O poema 5 é de refinada realização: a cena do “balé
de felino” é apenas sugerida, cabendo ao leitor montá-la, mentalmente.
O poema 6 remonta ao “sonho de Ícaro”, que tentou
voar até o sol com asas de cera, mas estas se derreteram no caminho. “O sonho
acabou” é uma citação literal do beatle
John Lennon: “the dream is over”, referindo-se ao sonho da geração que fizera
as revoltas do “maio de
O poema 7 é outro achado: um vaso chinês quebrado
traz lembranças que vêm como “retalhos de uma vida”.
No poema 8, o humor sutil: o balde d’água que apaga
não o sol, mas o calor que abrasa o dia.
O poema 9 brinca com a forma da chuva, que cai como
cristal, mas, em vez de quebrar, molha o chão.
No décimo poema, a sensação causada pela estrela
solitária é tão forte que o poeta a compara ao luar.
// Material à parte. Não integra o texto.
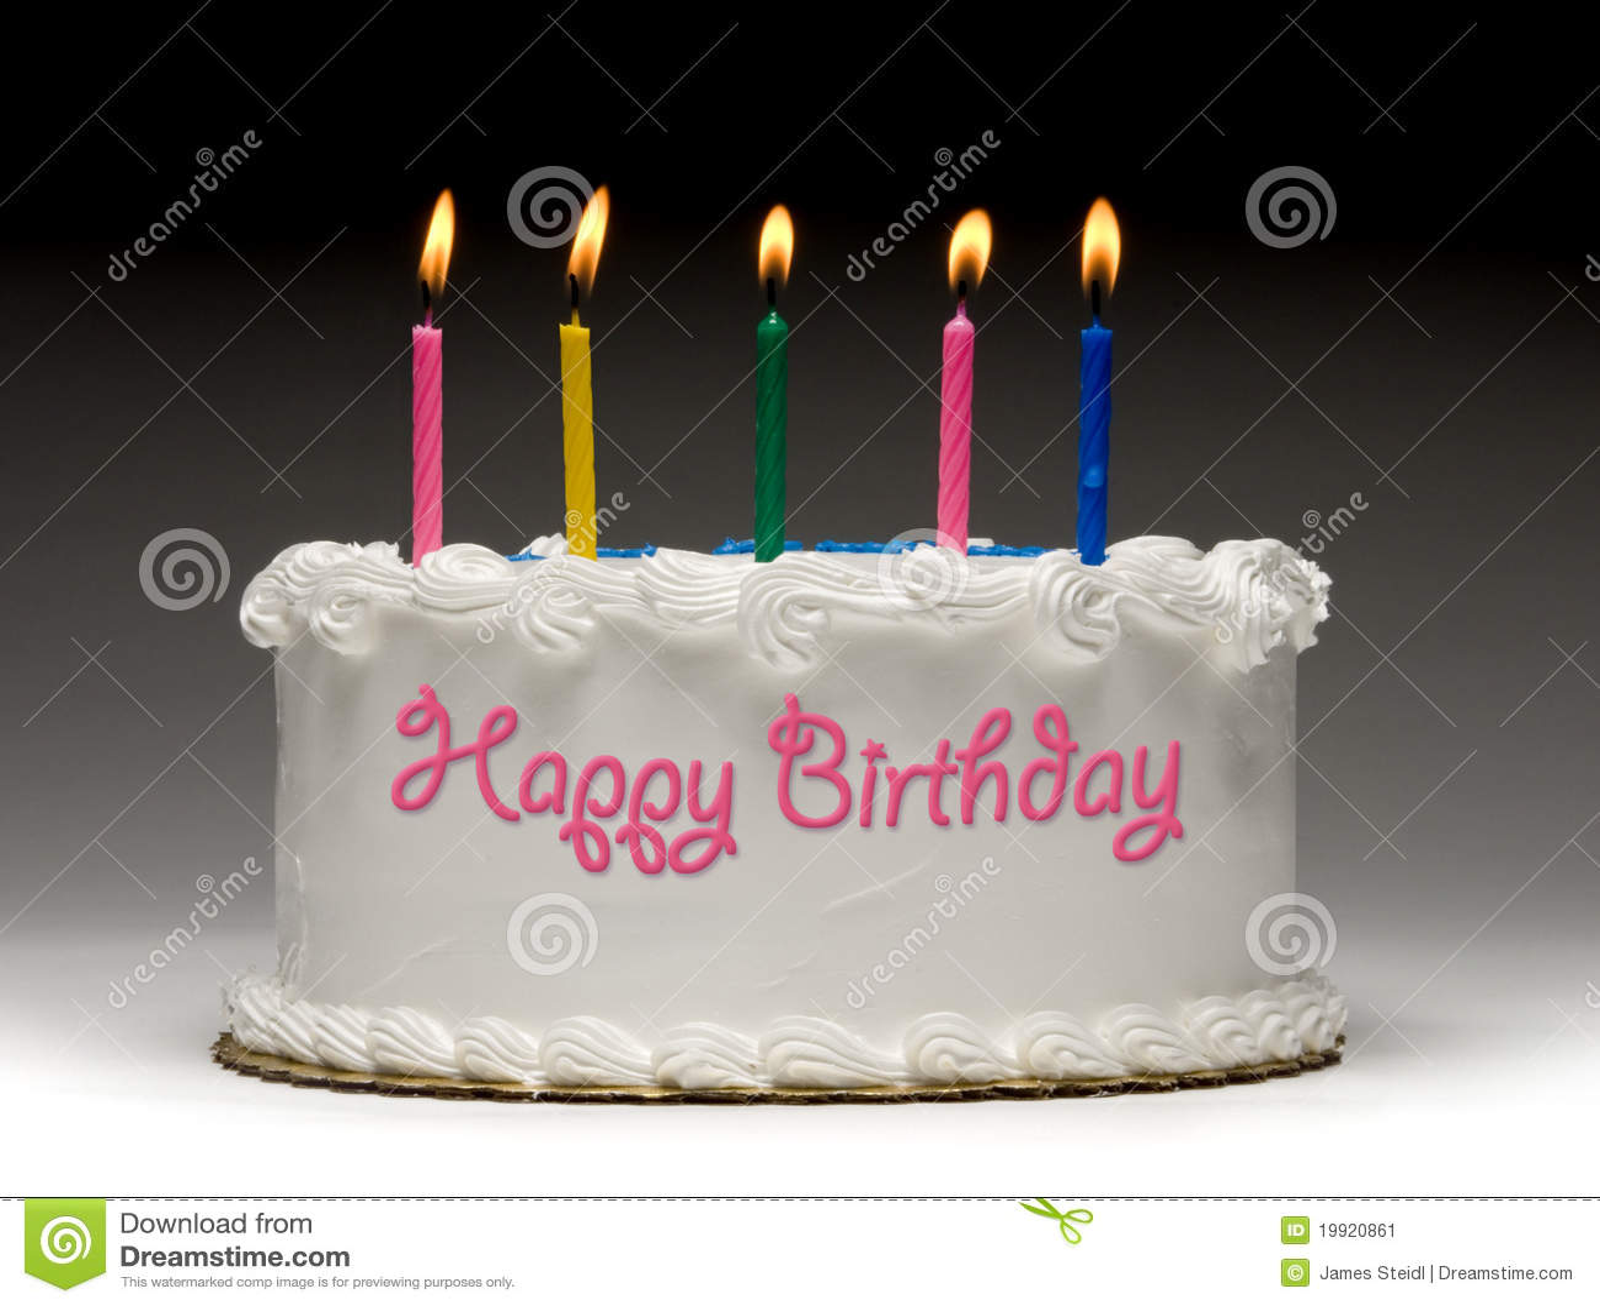 Birthday Cake Profile Stock Image Image Of Flame

O relógio de sol aludido no poema 11 é um artefato
antigo, que, sem a presença do sol, para de funcionar.
Os poemas 13 e 14 complementam-se na visão do trilho
que brota do asfalto na praça chamada Saudade, trazendo a lembrança de uma
cidade e de um tempo distantes.
O poema de número 15 contraria uma regra básica: o
haicai não deve ser reflexivo. Trata-se de uma composição não apenas
“filosófica”, mas também “poética”. Ocorre que o haicai é a expressão do
instante, da sensação que o haicaísta percebe em um momento único. Nesse
sentido, podemos entender melhor o texto: o cerne de tudo é o silêncio
“daquele” momento. O problema reside na palavra “verdade”, que é um conceito
visível apenas para quem a está expressando, isto é, ao poeta. O silêncio,
neste caso, pode significar o fim ou o início de algo. E o haicai não pode
deixar esse tipo de dúvida. Entretanto, temos aqui, um belo exemplar de poesia,
escrito na forma de haicai, mas que não se completa como tal: é um terceto.
O último poema dá-nos a
oportunidade de incluir mais um elemento na nossa teoria do haicai, relembrando
o que escreveu a respeito o mexicano Octavio Paz, quando disse que o haicai se
divide em duas partes: uma, que reflete a condição geral, temporal e/ou espacial
do poema, contendo em si a ideia de repetição cotidiana e, por isso, de
eternidade; outra, refletindo o instante, o efêmero a experiência incomparável.
Uma parte descritiva; outra, inesperada, relampejante, única. Vejamos:
1. Madeira no campo. / Polpa, papel e palavra. Esta primeira parte reúne as
informações essenciais para se chegar ao elemento-surpresa. E aqui temos a sequência
espaço-tempo completa: a madeira do campo, transformada em polpa, faz-se em
papel; alia-se a este as palavras.
2. O livro está pronto. Este é o relâmpago, o elemento inesperado, completando a sequência.
O haicai é uma arte
difícil dentro da sua simplicidade. Talvez por isso as crianças têm enorme
facilidade para apreender o que os haicaístas chamam de “espírito do haicai”: uma
poesia antiliterária, surpreendente como um artefato capaz de fazer brotar a
beleza a partir da banal realidade cotidiana.